* Information supplied *
■ ■ ■ ■
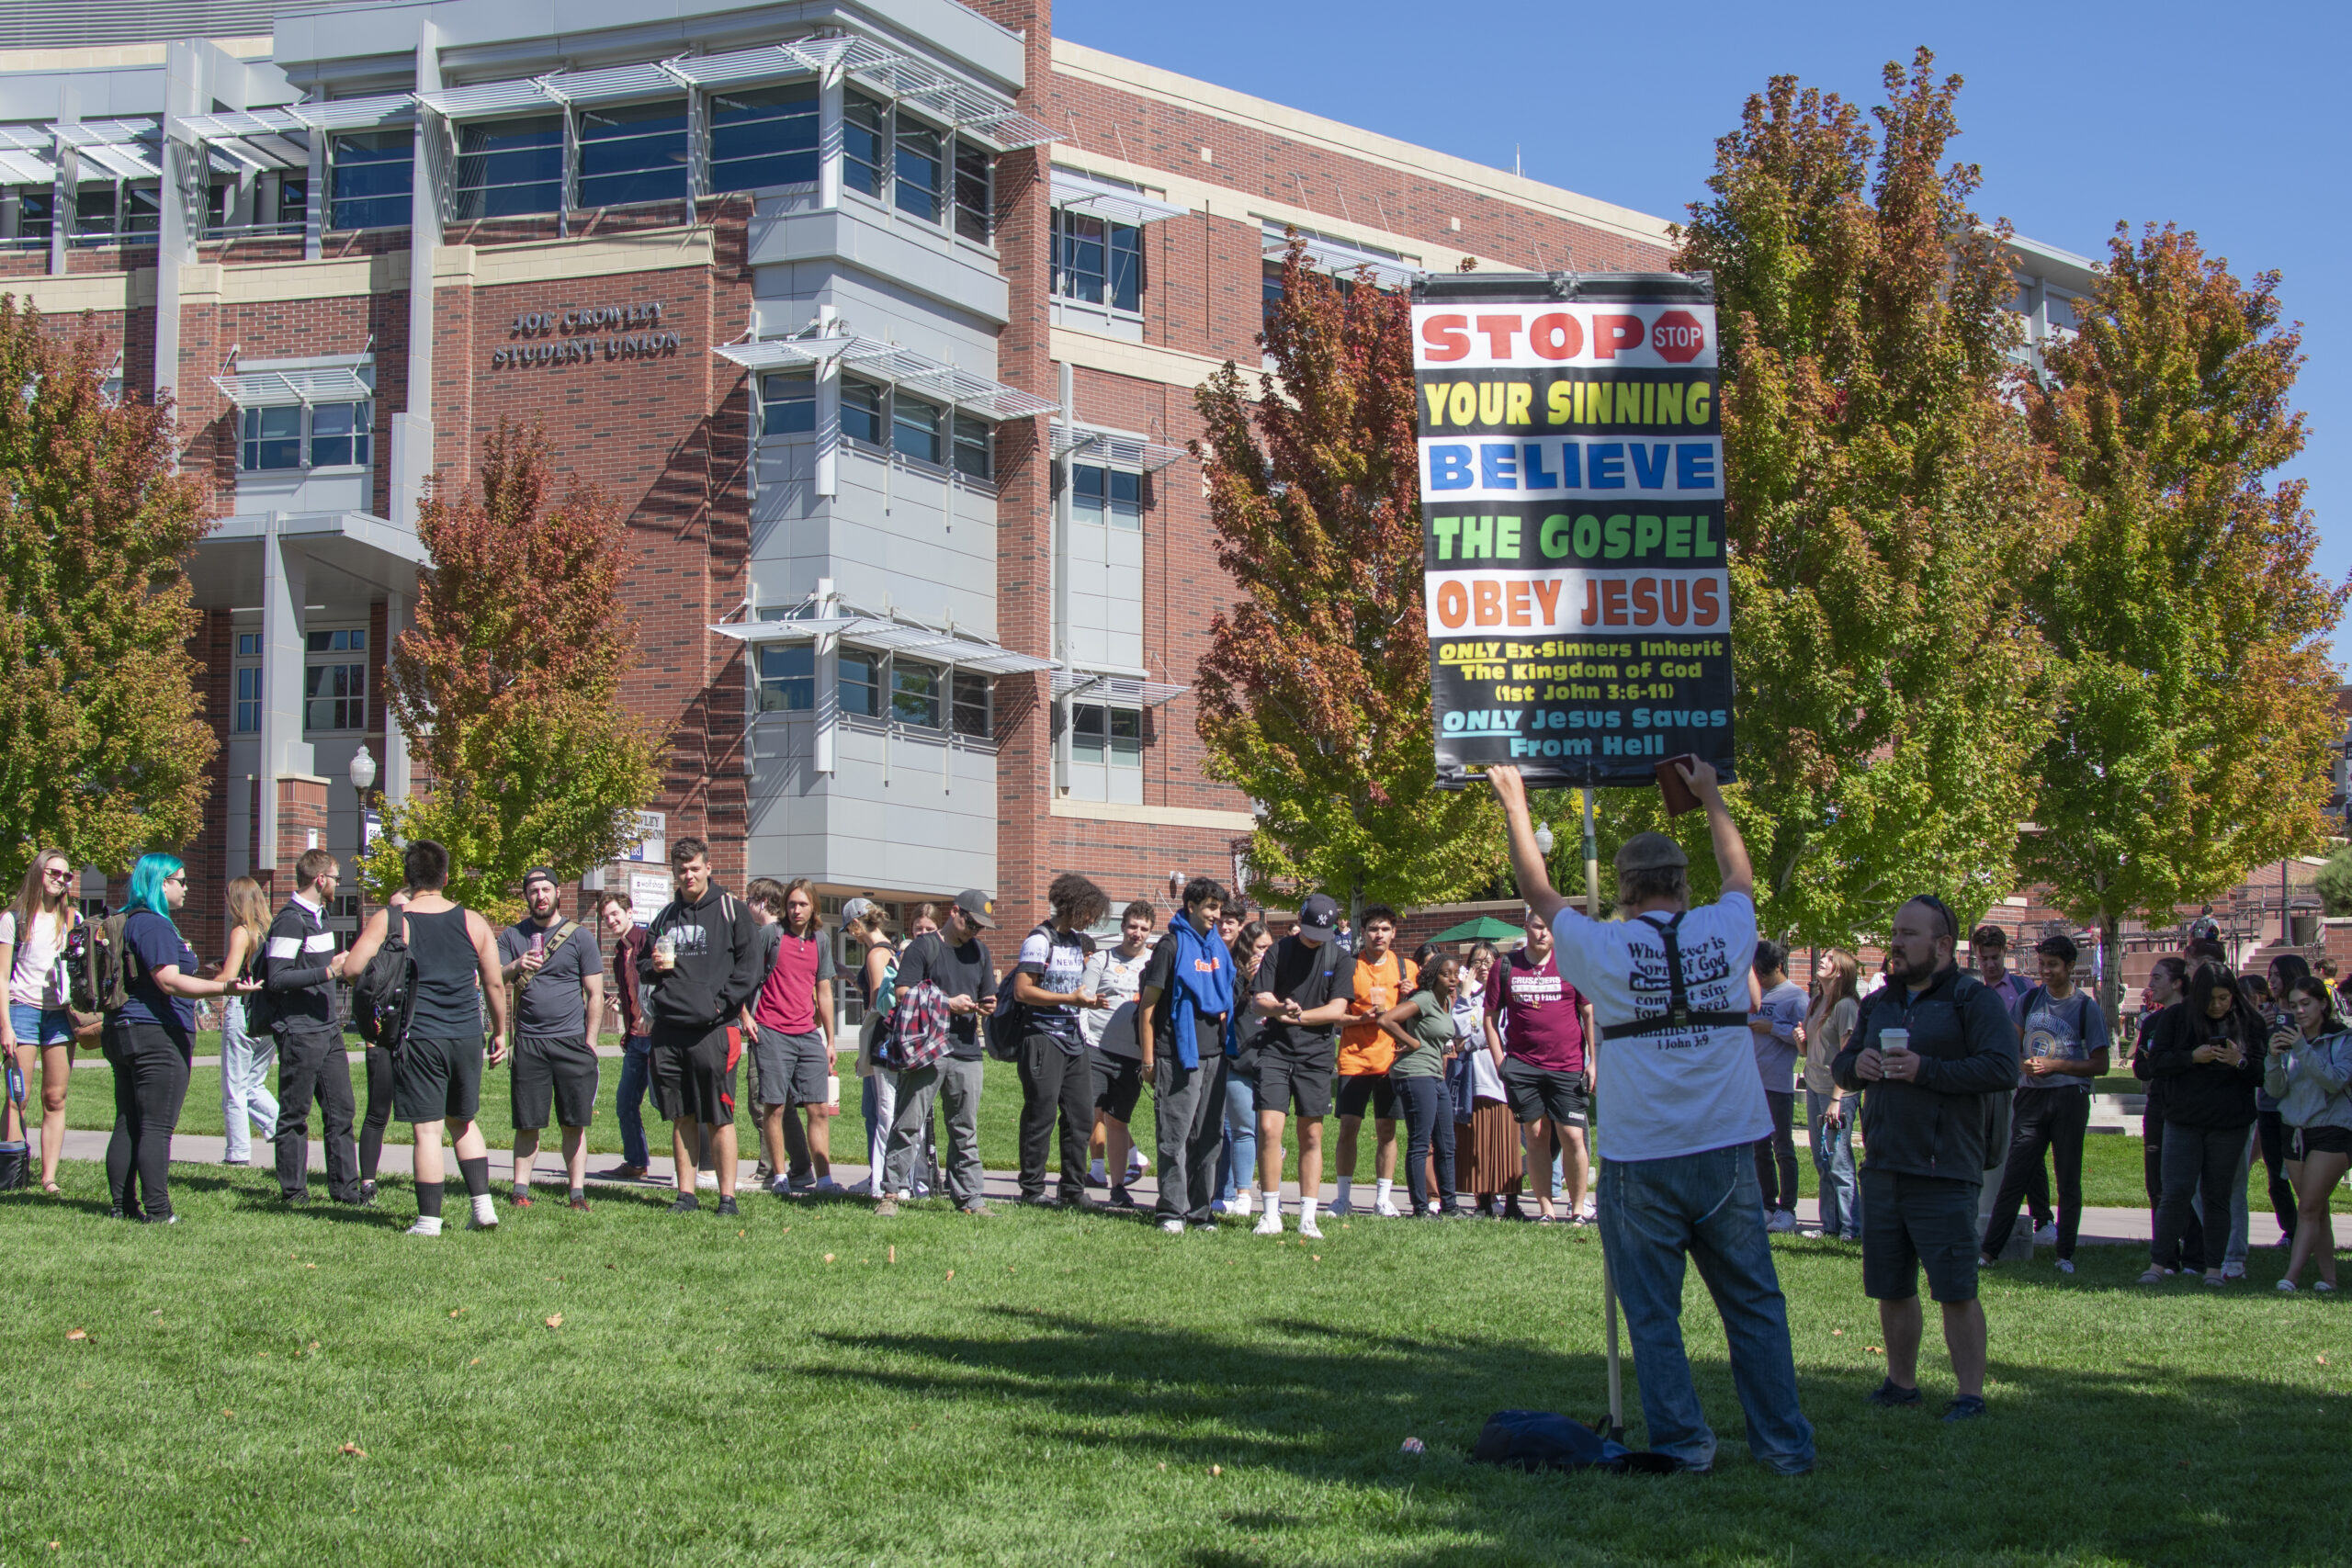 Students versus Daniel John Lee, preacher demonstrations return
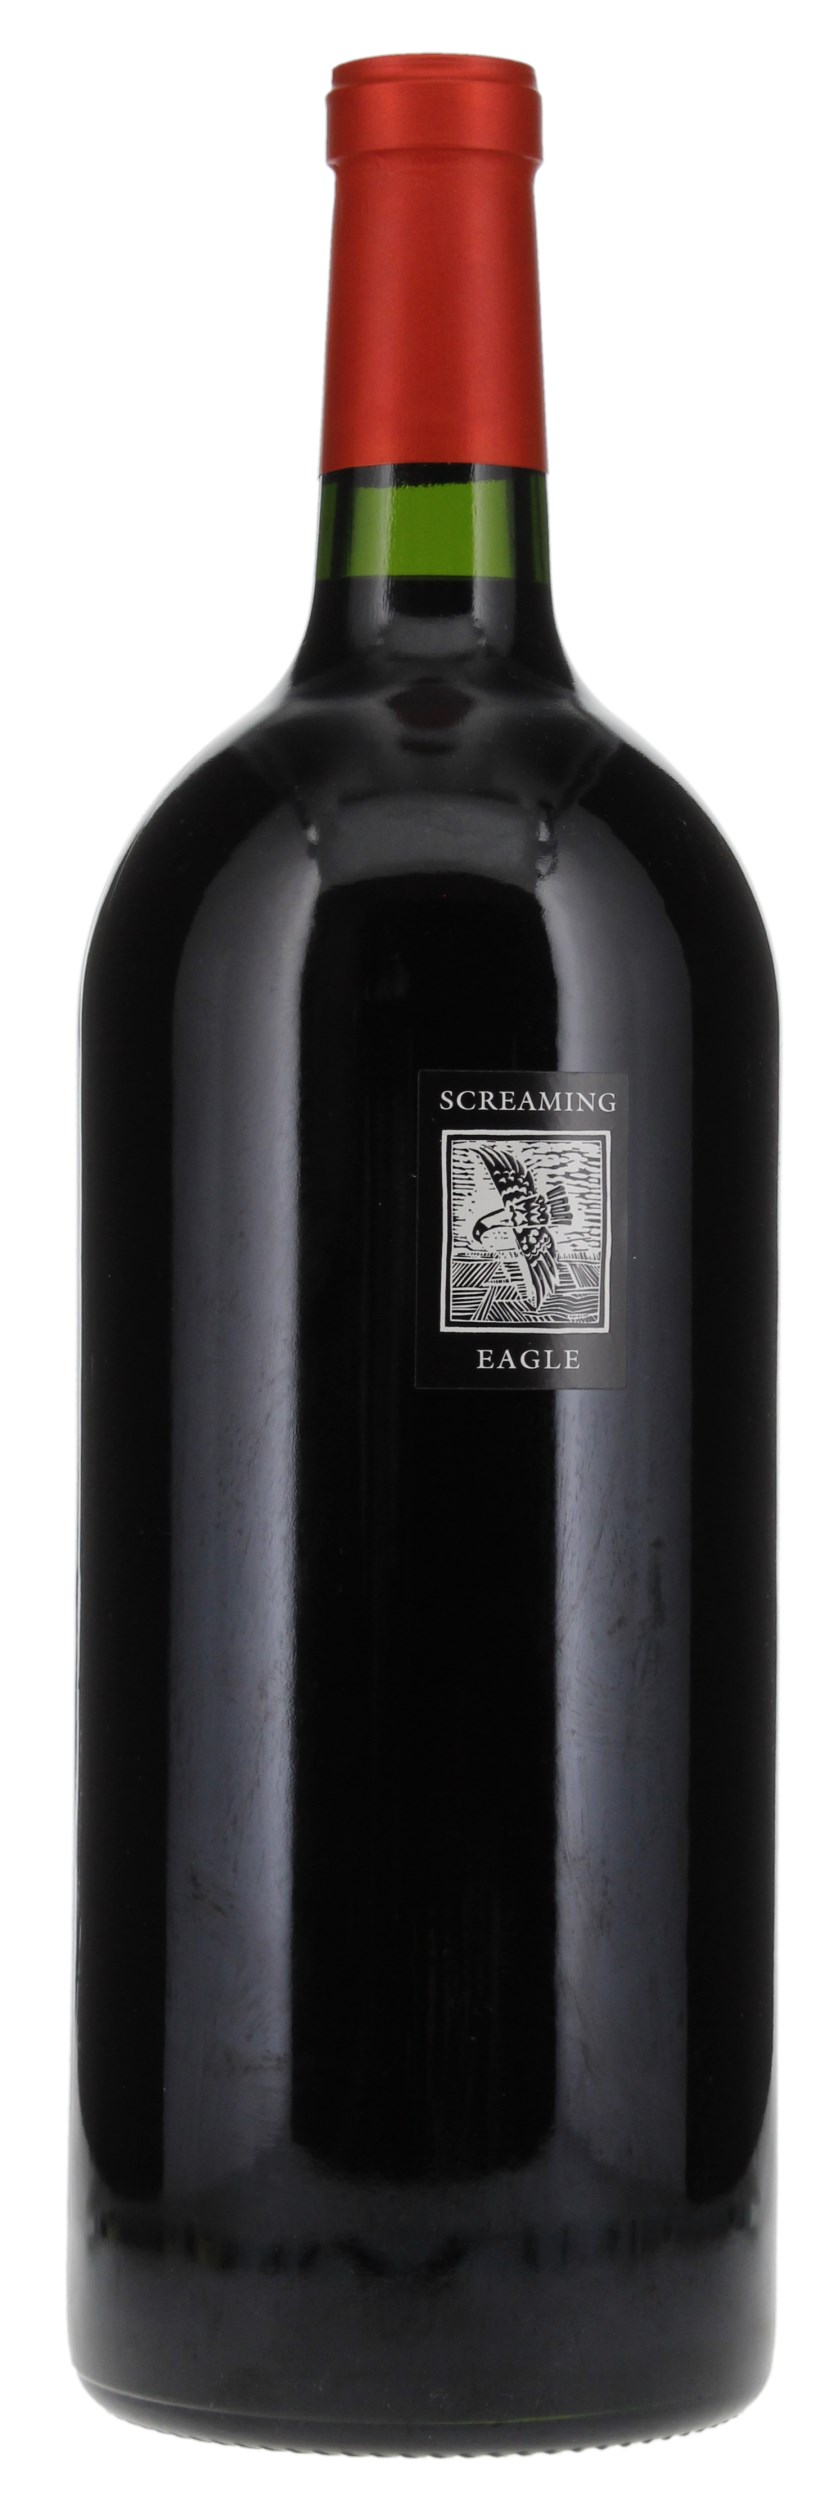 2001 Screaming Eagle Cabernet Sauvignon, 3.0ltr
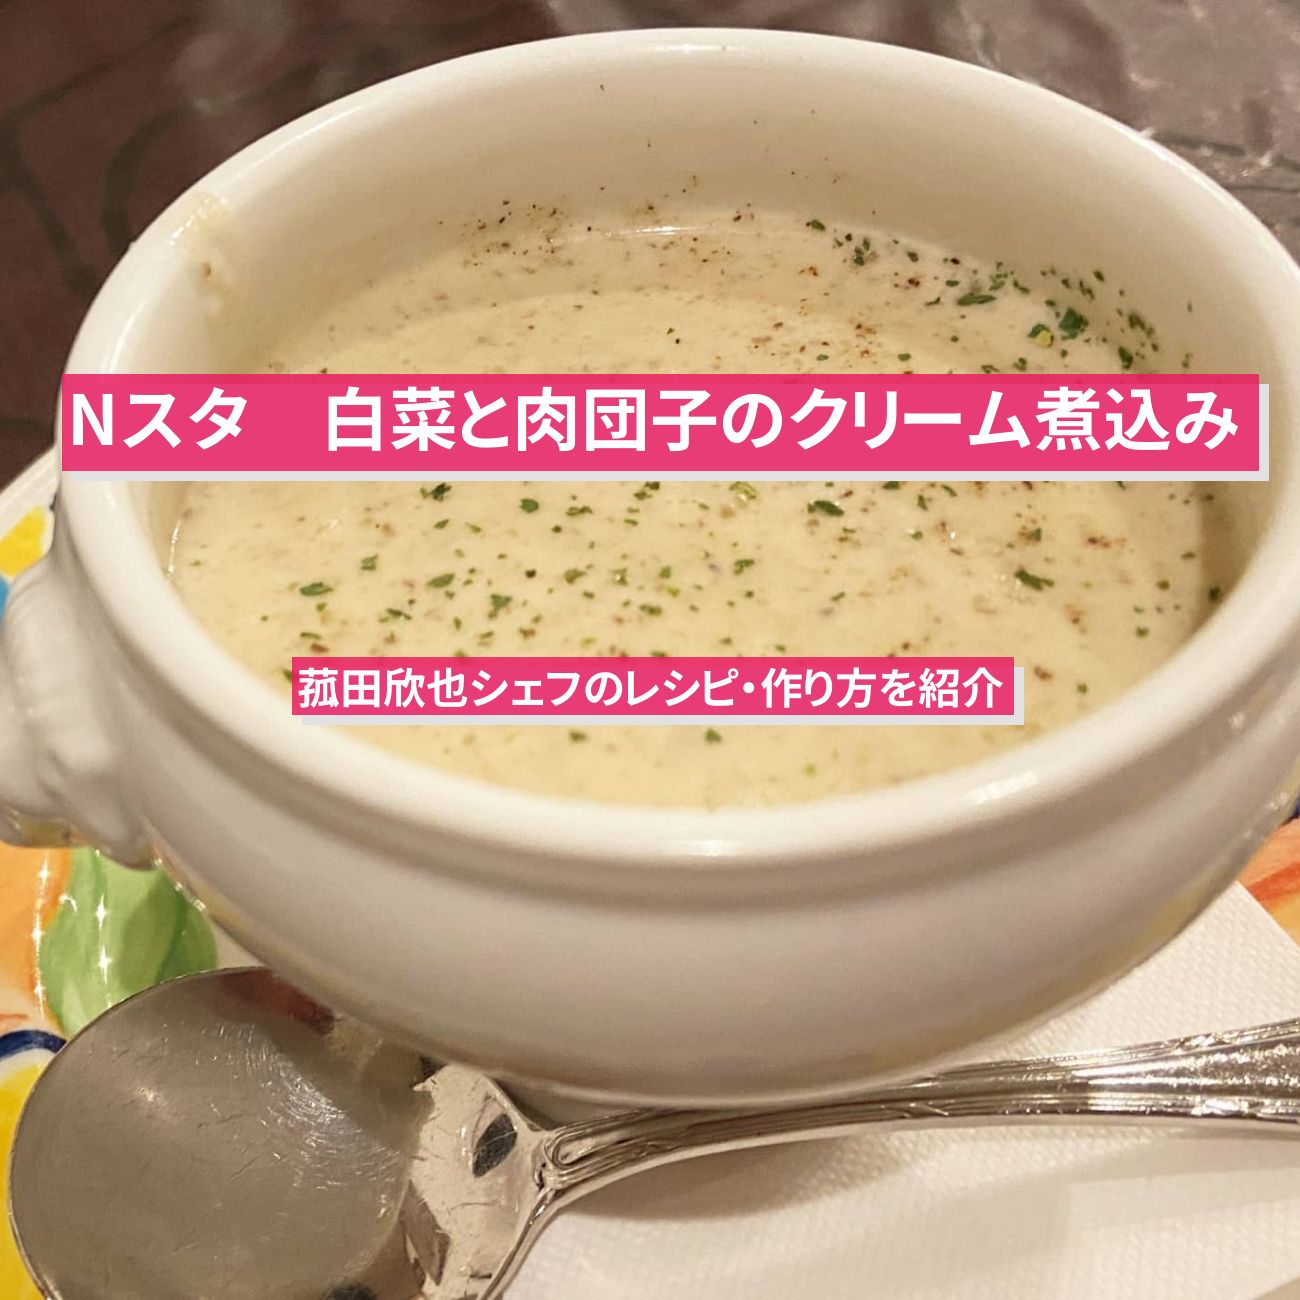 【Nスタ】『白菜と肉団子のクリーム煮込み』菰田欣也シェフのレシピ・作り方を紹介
■ ■ ■ ■
* The task *
Your task is to restate word for word the lines from the one containing "2001 Screaming Eagle" through the last line of the data, both ends included, with no pictures.

* Solution *
 2001 Screaming Eagle Cabernet Sauvignon, 3.0ltr
 【Nスタ】『白菜と肉団子のクリーム煮込み』菰田欣也シェフのレシピ・作り方を紹介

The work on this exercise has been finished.